夏心莉沉默了片刻,没有再说一个字。她扶起那个浑身是血的年轻男人,转身朝来路走去。脚步声越来越远,很快被山风吞没。
我握紧天刑剑,深吸一口气,走进了灰色的雾气。
北邙山的树木又高又密,枝叶遮天蔽日,阳光根本照不进来。地上是厚厚的枯叶,踩上去软绵绵的,像踩在腐肉上。空气中弥漫的尸气越来越浓,到了后来几乎凝成了实质,每一次呼吸都像在喝馊水。
走了大约一炷香的功夫,我看到了第一具尸体。
那是一个年轻男人,穿着和刚才那个逃出来的人一样的灰色道袍,胸口有一个碗口大的洞,心脏被掏走了。他的眼睛睁得很大,死不瞑目,脸上凝固着极度的恐惧。尸体还没有开始腐烂,说明刚死不久。
我蹲下身,仔细看了看伤口。伤口边缘很整齐,像是被什么东西一口咬掉的。但咬痕不是牙齿的形状,而是一种我从未见过的纹路,像是某种符文。
不是妖,也不是魔。
是尸。
我把尸体轻轻放平,继续往前走。
越往里走,尸体越多。有的被掏心,有的被开膛,有的被吸干了全身的血液,变成一具干瘪的皮囊。穿灰色道袍的居多,但也有穿布衣的普通人,男女老少都有。
每一具尸体的伤口边缘,都有那种诡异的符文纹路。
我心里有了数。
血尸教。用活人炼制尸妖的邪教,十年前被正道宗门围剿过一次,没想到在这里死灰复燃了。

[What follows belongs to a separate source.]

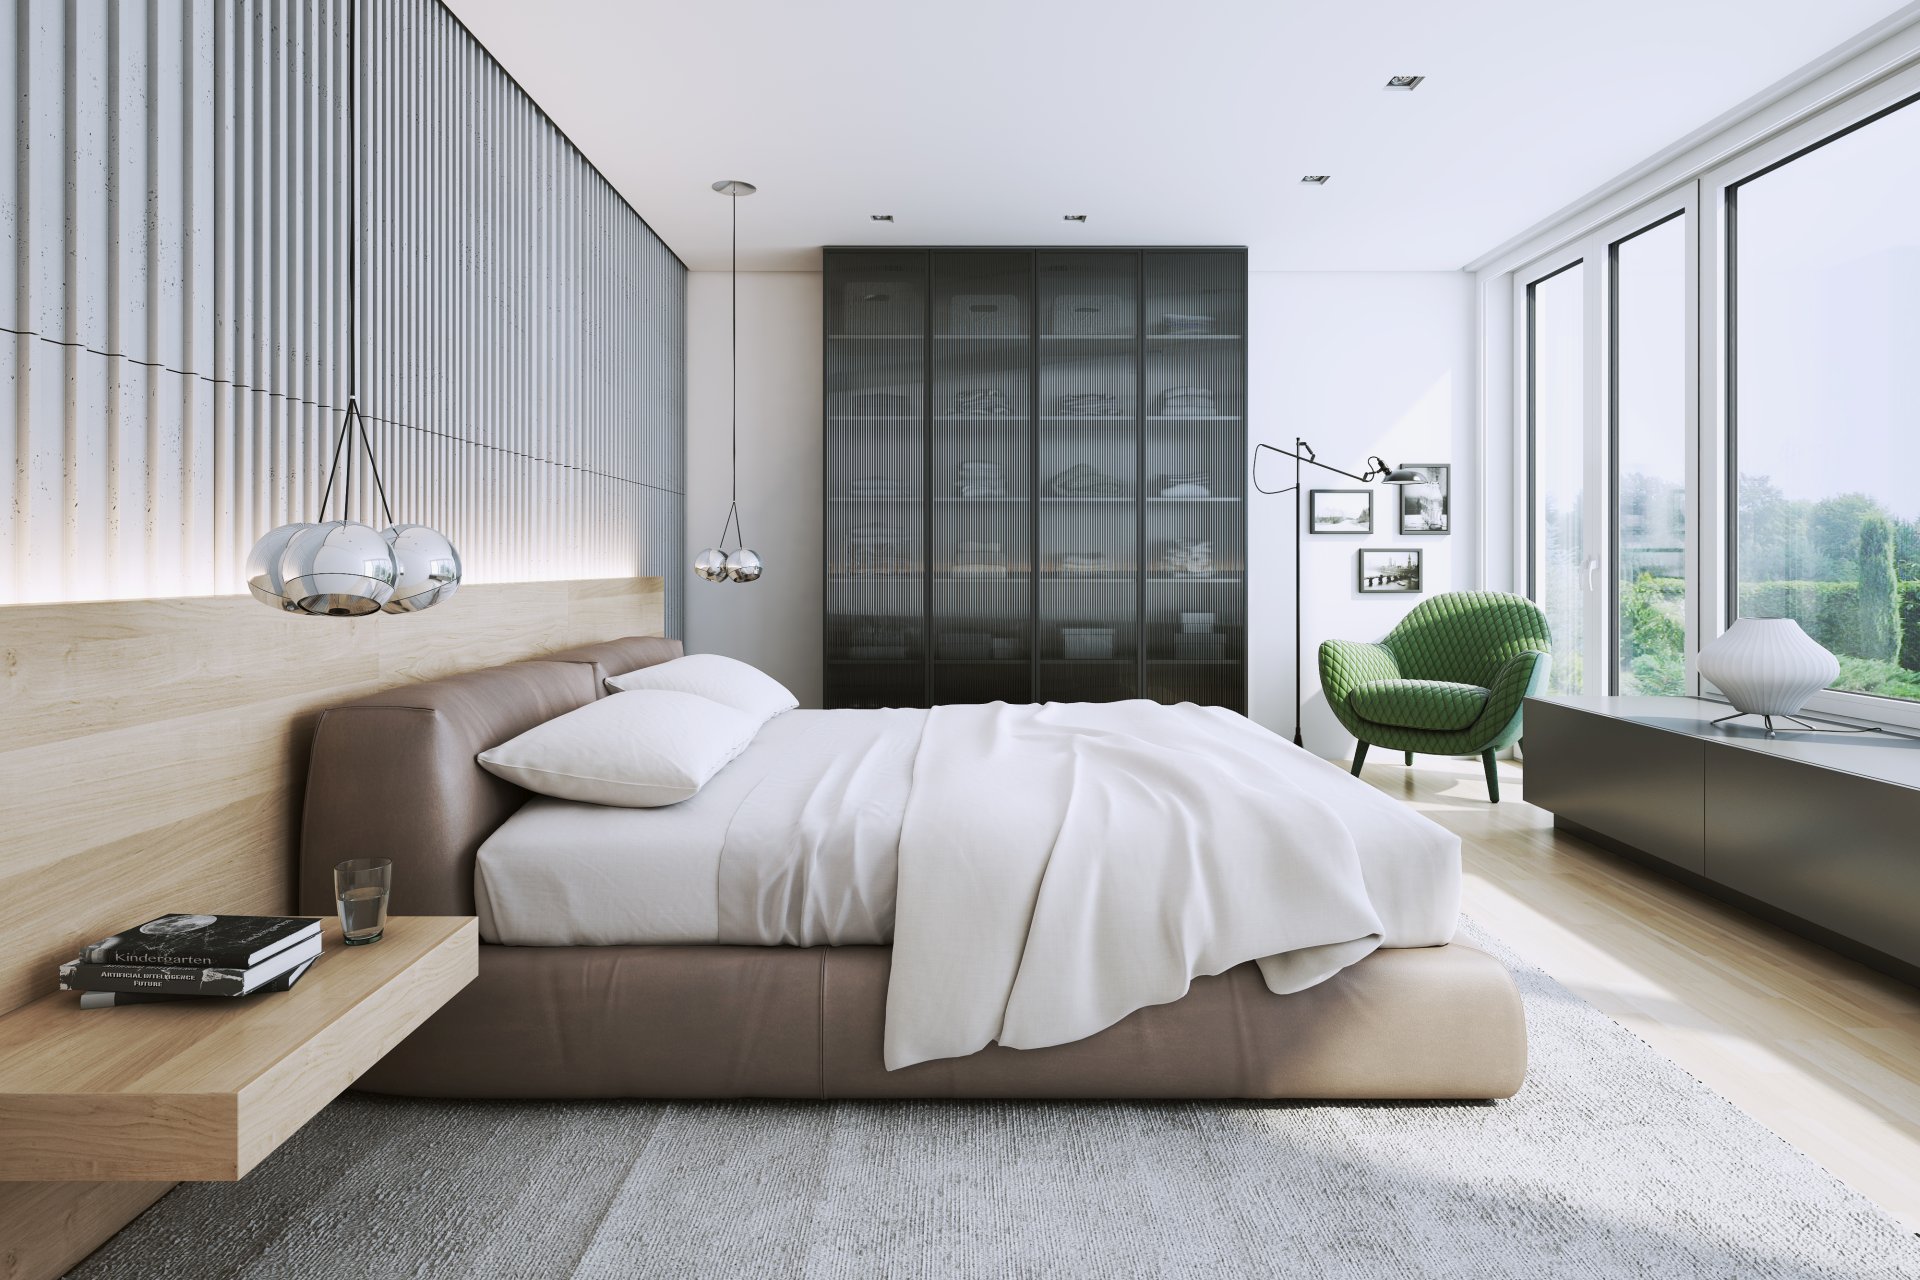 A bedroom with a wardrobe
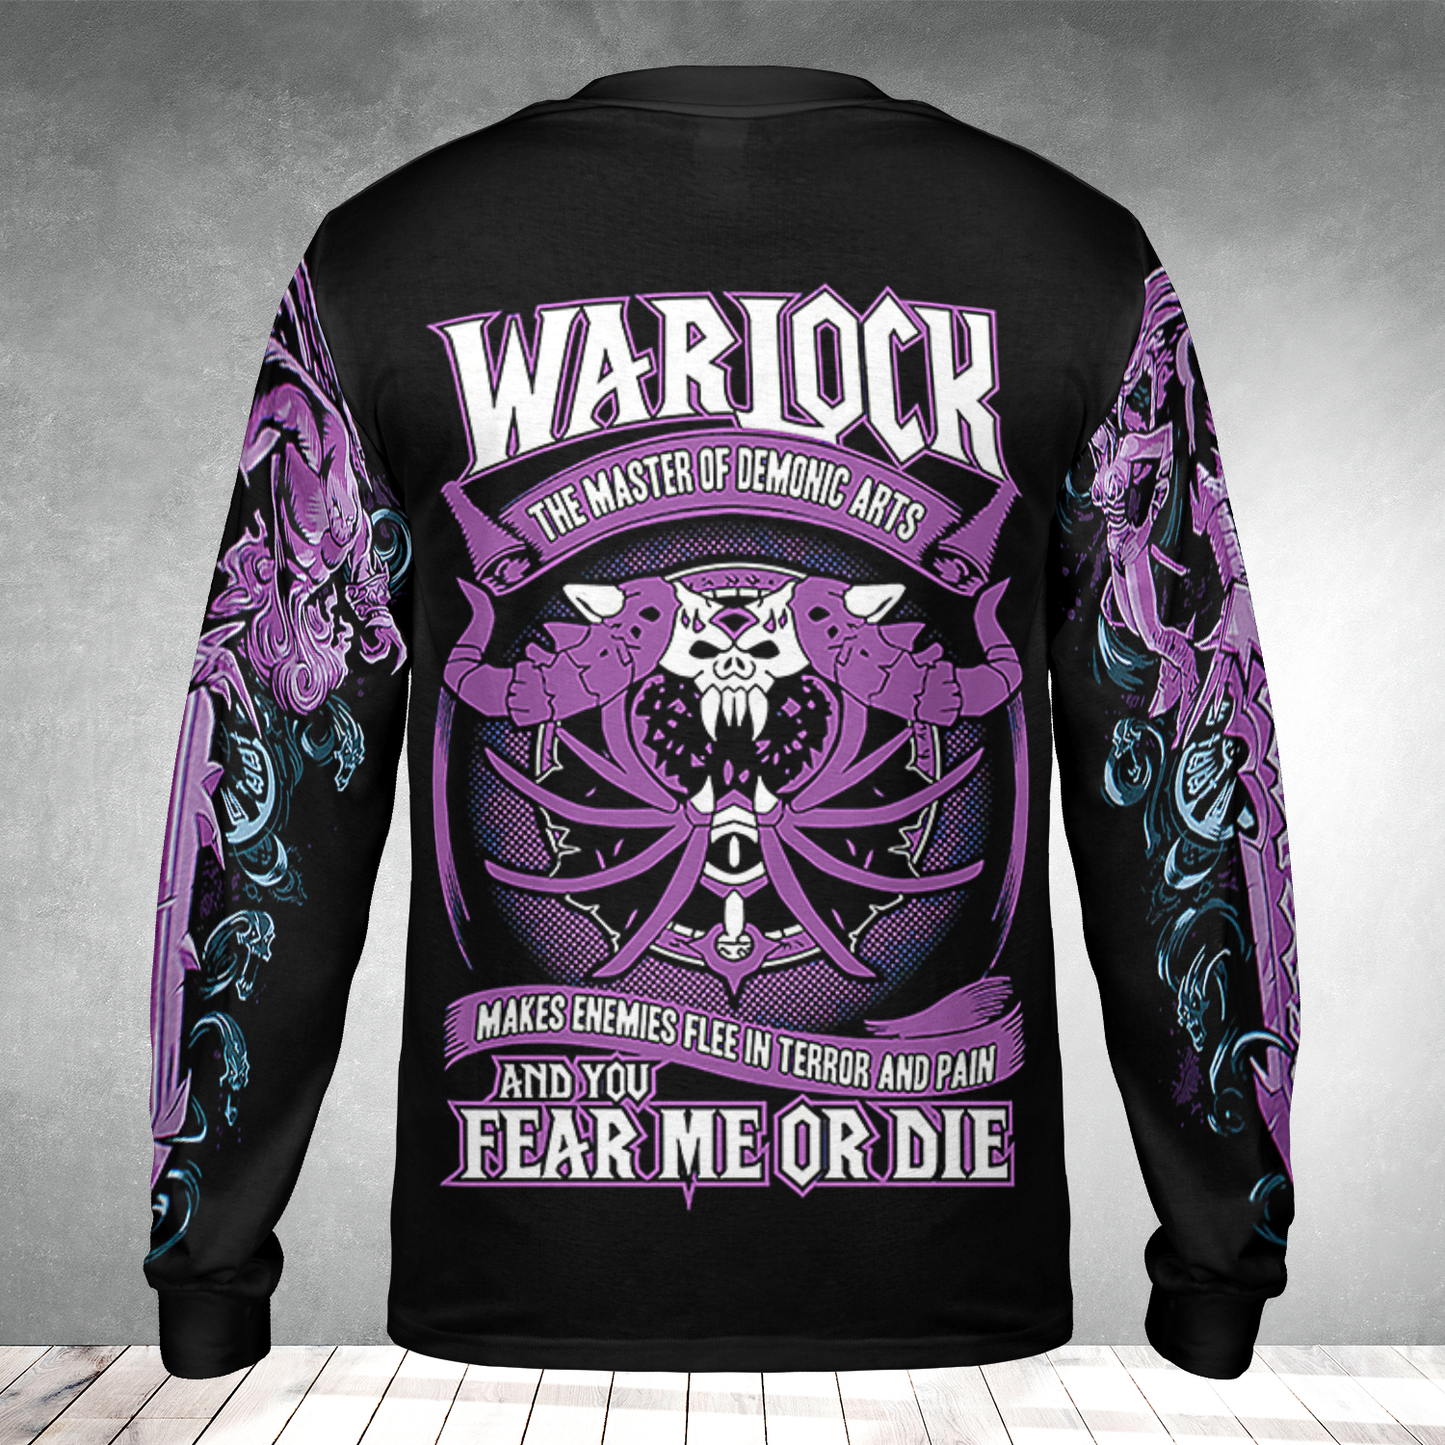 Warlock Class Color Wow AOP Long Sleeve Shirt

走了大约半个时辰,前方的树木忽然变得稀疏起来,一片开阔地出现在眼前。
开阔地的中央,是一座巨大的祭坛。
祭坛由黑色的石头砌成,呈圆形,直径足有十丈。祭坛的四周立着十二根石柱,每根石柱上都绑着一具尸体,有男有女,有老有少,全部被开膛破肚,内脏被掏空,只剩下一个黑洞洞的窟窿。
祭坛的正中央,一个身穿血色长袍的老者盘膝而坐。他骨瘦如柴,皮肤呈灰黑色,紧紧贴在骨头上,像一具会动的干尸。他的眼睛是血红色的,没有瞳孔,只有两团跳动的血光。
老者的身后,站着四个身穿黑袍的人,脸上戴着骷髅面具,看不清面容。
祭坛周围,密密麻麻地跪着上百个同样身穿黑袍的人,口中念念有词,诵唱着某种诡异的咒语。他们的声音低沉而整齐,像是一群蜜蜂在嗡嗡作响。
我躲在最后一排树后,观察着这一切。
老者的修为很高,至少比我和夏心莉高出一个大境界。那四个黑袍人也都是化神境以上的修为,上百个教徒虽然修为不高,但人数众多,一拥而上也是个麻烦。
硬拼,我没有胜算。
但我也不能退。
因为祭坛的旁边,堆着一座小山一样高的尸体。至少有几百具,有的已经腐烂发臭,有的还新鲜,血液顺着尸体堆往下流,在地上汇成一条暗红色的小溪。
如果我不做点什么,这些人的死,就白死了。
我正想着对策,祭坛中央的血袍老者忽然睁开了眼睛。
“树后的朋友,既然来了,何不出来一见?”
他的声音沙哑刺耳,像两块砂纸在互相摩擦。
我心里一沉。被发现了。
我没有动。
“不出来?”血袍老者嘴角扯出一个诡异的笑容,“那本座请你出来。”
他枯瘦的右手一挥,一道血光从掌心射出,直奔我藏身的大树。我闪身躲开,血光击中树干,三人合抱粗的大树轰然炸裂,木屑横飞。
我暴露了。
四个黑袍人同时转身,上百个教徒齐刷刷地看向我。所有的目光都落在我身上,像无数把刀子。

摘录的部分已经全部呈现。